YOUR TASK
Beginning with the line that holds "fa0c0b8d9ccc Buty dla" in the data below, give again every line through the one that holds "Senco RoofPro 445XP Roofing Nailer", exactly as written.

DATASET RECORDS

● ● ● ● ● ● ●

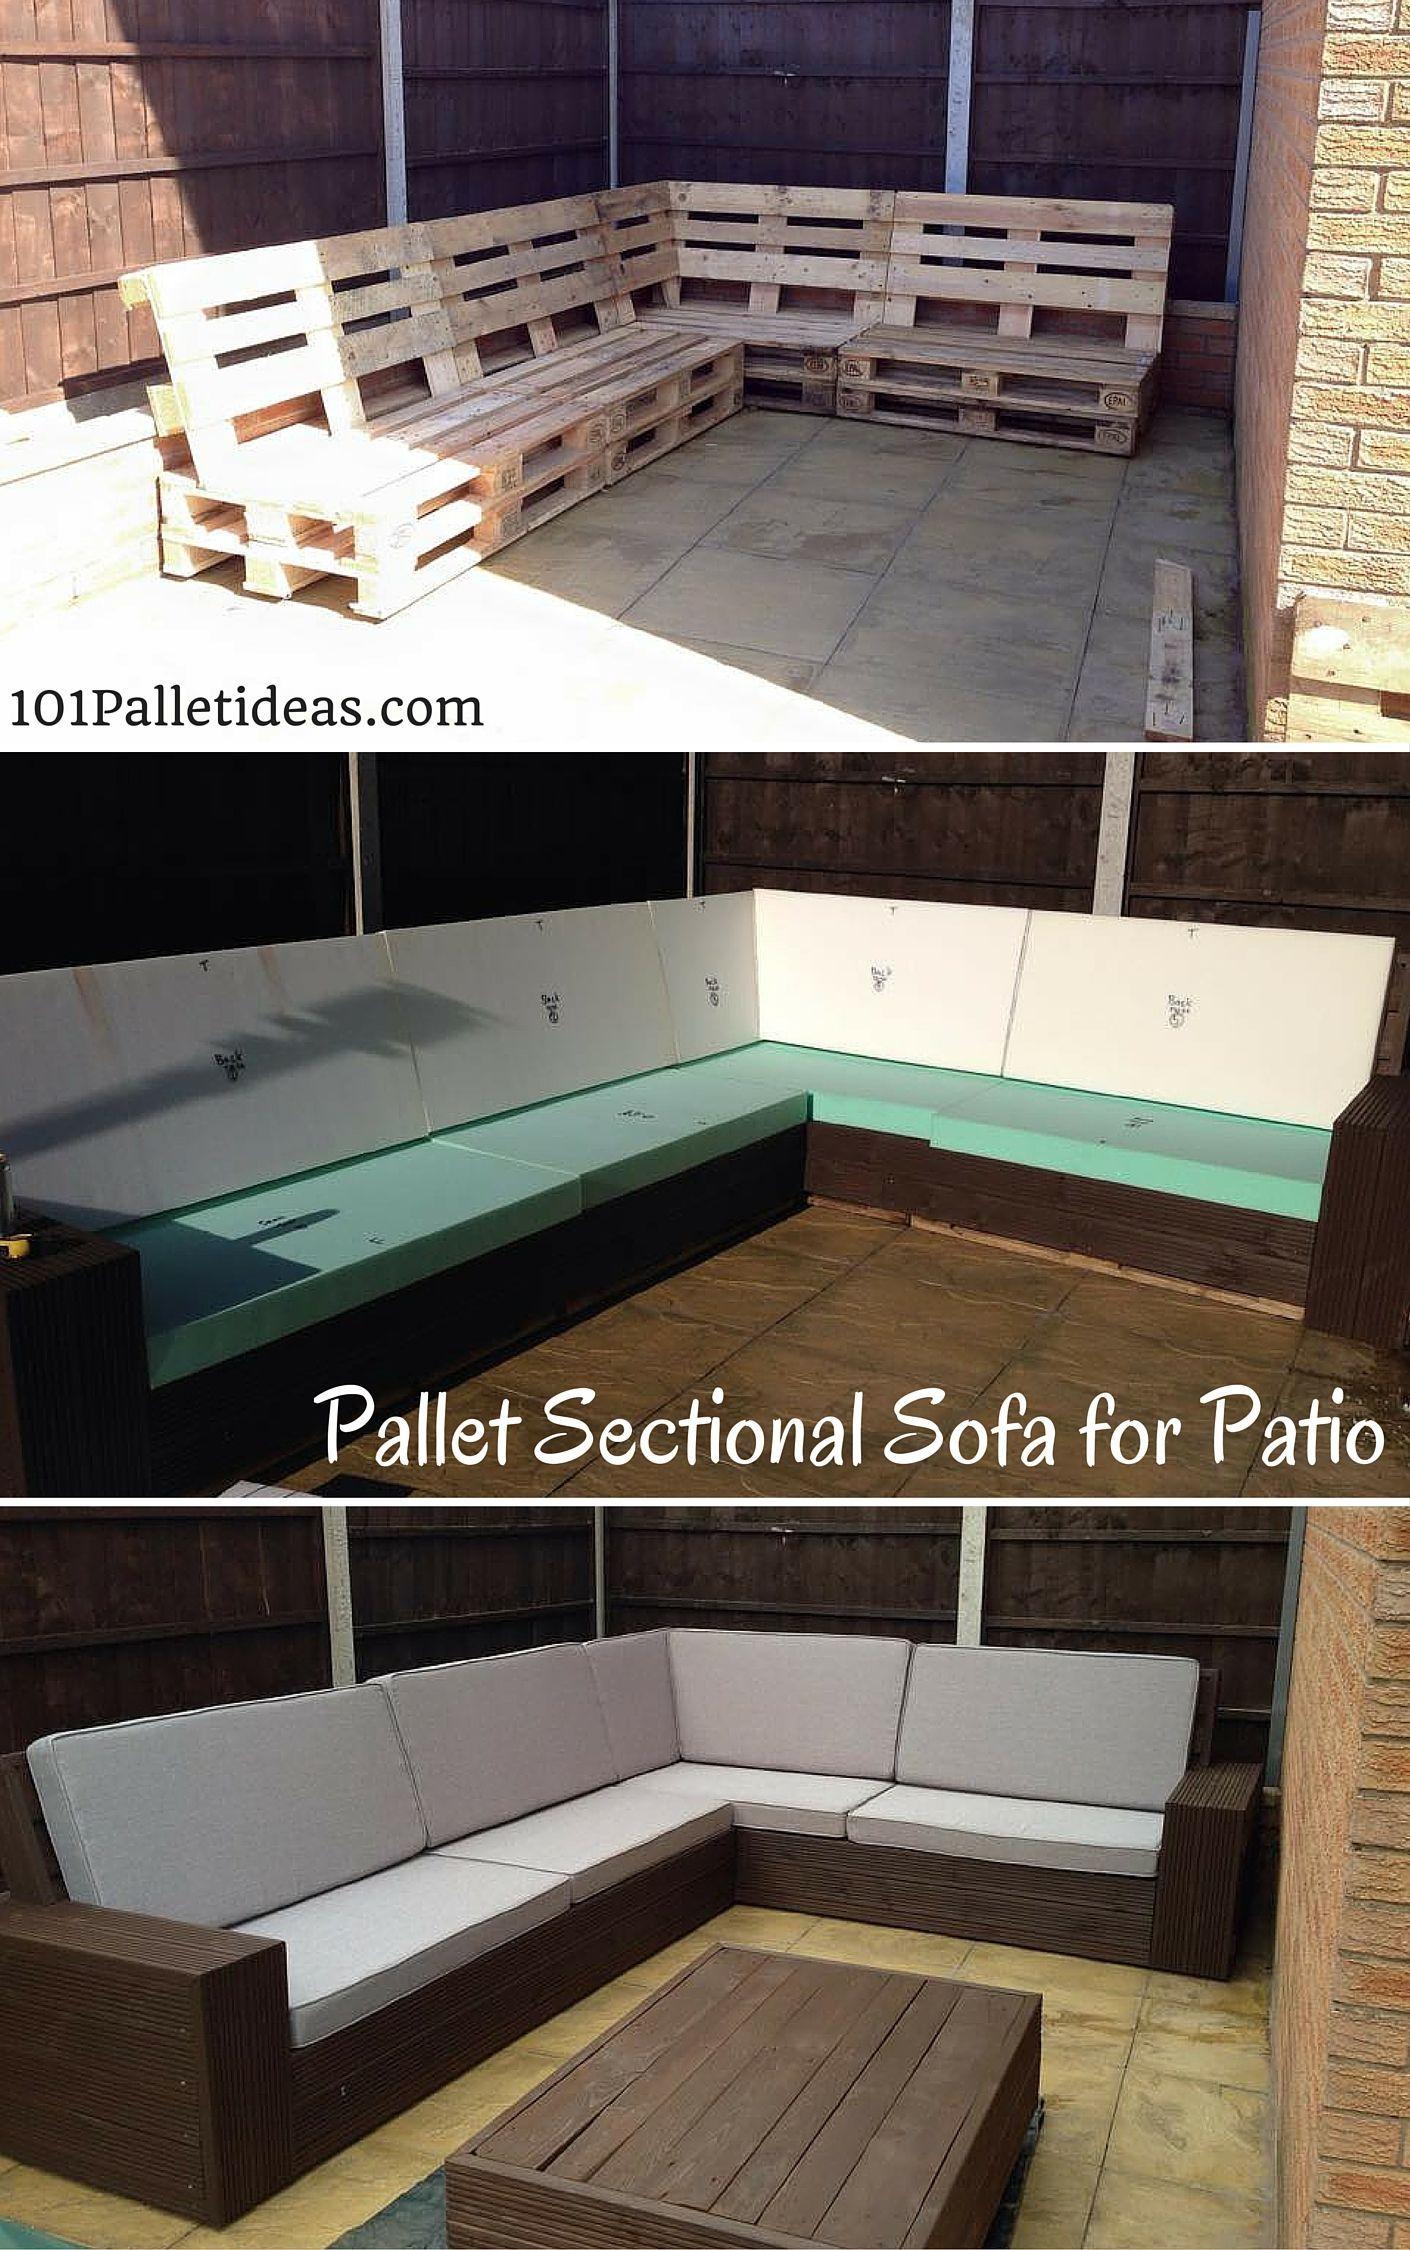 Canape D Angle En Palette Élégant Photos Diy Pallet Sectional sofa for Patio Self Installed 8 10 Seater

● ● ● ● ● ● ●

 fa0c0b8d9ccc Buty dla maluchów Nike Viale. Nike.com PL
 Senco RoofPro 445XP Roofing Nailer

● ● ● ● ● ● ●

ANSWER TO THIS EXERCISE
 fa0c0b8d9ccc Buty dla maluchów Nike Viale. Nike.com PL
 Senco RoofPro 445XP Roofing Nailer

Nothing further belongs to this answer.